Evolution from STP to RSTP

In 2001, IEEE 802.1w was published to introduce an extension of the Spanning Tree Protocol (STP), namely, Rapid Spanning Tree Protocol (RSTP). RSTP is developed based on STP but outperforms STP.

Disadvantages of STP

STP ensures a loop-free network but has a slow network topology convergence speed, leading to service deterioration. If the network topology changes frequently, the connections on the STP-enabled network are frequently torn down, causing frequent service interruption. Users can hardly tolerate such a situation.

Disadvantages of STP are as follows:

  • Port states or port roles are not subtly distinguished, which is not conducive to the learning and deployment for beginners.

    A network protocol that subtly defines and distinguishes different situations is likely to outperform the others.

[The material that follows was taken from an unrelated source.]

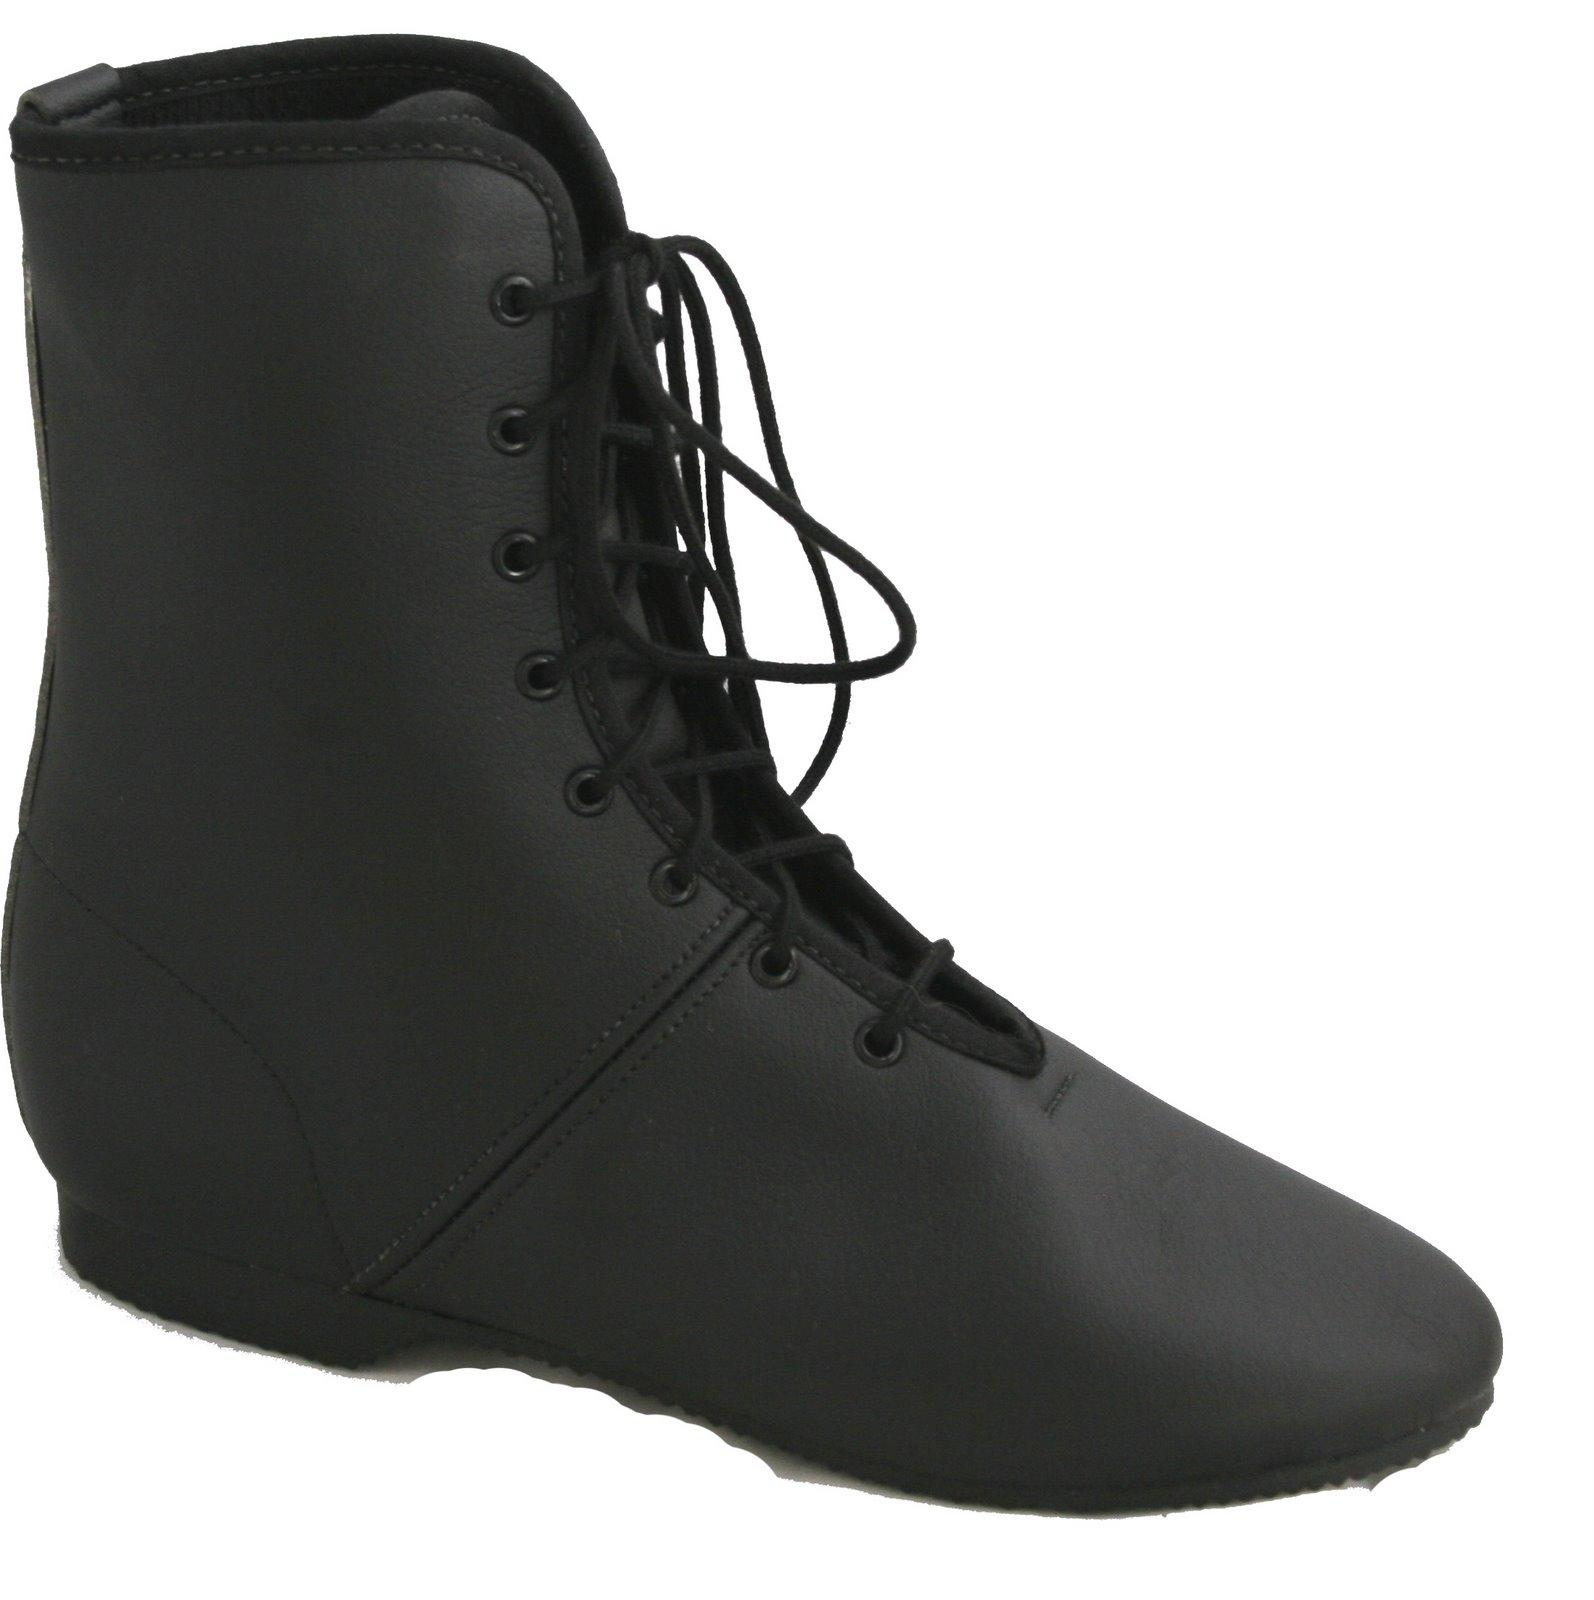 e35f64baff3f4 Pixie Jazz Boot - Dance Like a Vegan

    • Ports in the Listening, Learning, and Blocking states do not forward user traffic and are not even slightly different to users.

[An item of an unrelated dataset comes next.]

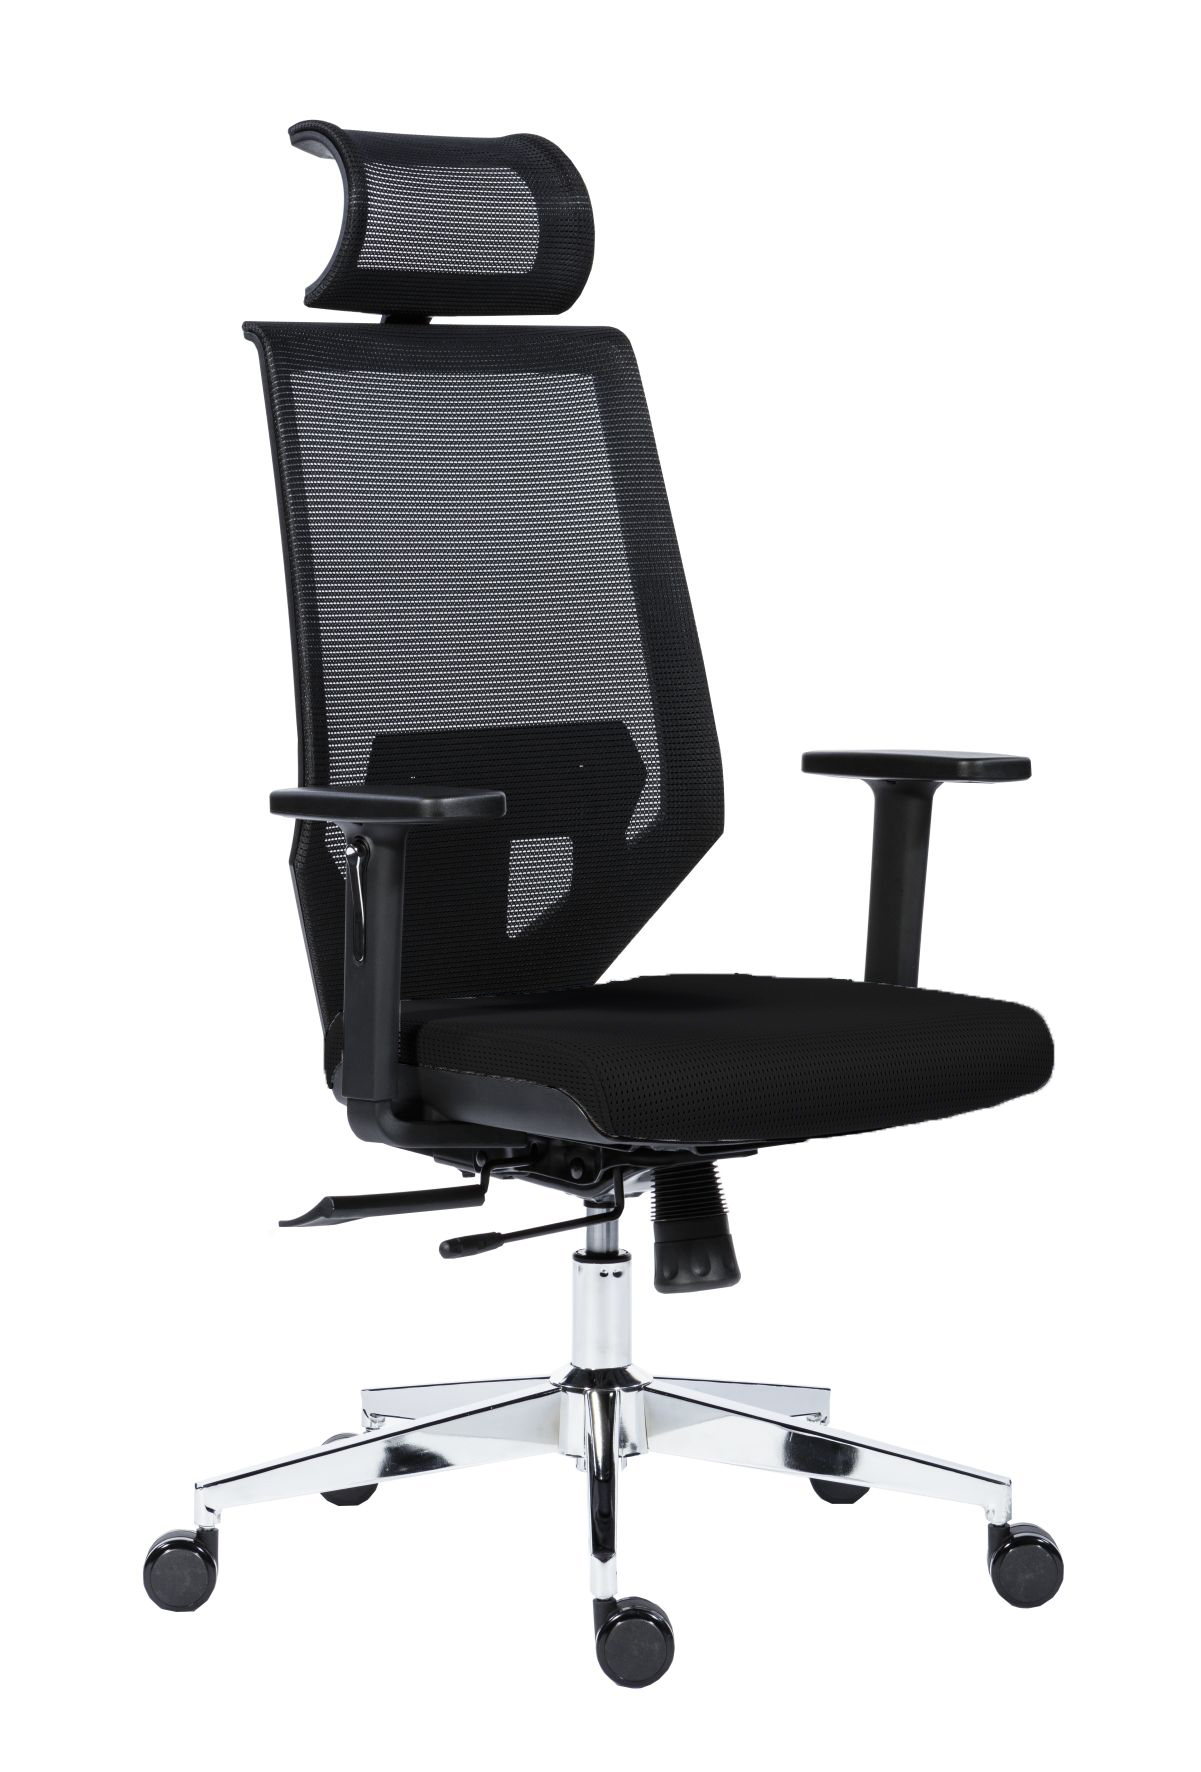 ANTARES Kancelářská židle EDGE černá Antares

    • The differences between ports in essence never lie in the port states but the port roles from the perspective of use and configuration.

      It is possible that the root port and designated port are both in the Listening state or Forwarding state.

  • The STP algorithm determines topology changes after the time set by the timer expires, which slows down network convergence.

  • The STP algorithm requires a stable network topology. After the root bridge sends configuration Bridge Protocol Data Units (BPDUs), other routers forward them until all bridges on the network receive the configuration BPDUs.

    This also slows down topology convergence.

Advantages of RSTP over STP

To make up for STP disadvantages, Rapid Spanning Tree Protocol (RSTP) deletes three port states, introduces two port roles, and distinguishes port attributes based on port states and roles to provide more accurate port description. This offers beginners easy access to protocols and speeds up topology convergence.

  • More port roles are defined to simplify the knowledge and deployment of STP.

    Figure 9-15 Diagram of port roles

    As shown in Figure 9-15, RSTP defines four port roles: root port, designated port, alternate port, and backup port.

    The functions of the root port and designated port are the same as those defined in STP. The alternate port and backup port are described as follows:
    • From the perspective of configuration BPDU transmission:
      • An alternate port is blocked after learning the configuration BPDUs sent by other bridges.
      • A backup port is blocked after learning the configuration BPDUs sent by itself.
    • From the perspective of user traffic
      • An alternate port backs up the root port and provides an alternate path from the designated bridge to the root bridge.
      • A backup port backs up the designated port and provides an alternate path from the root bridge to the related network segment.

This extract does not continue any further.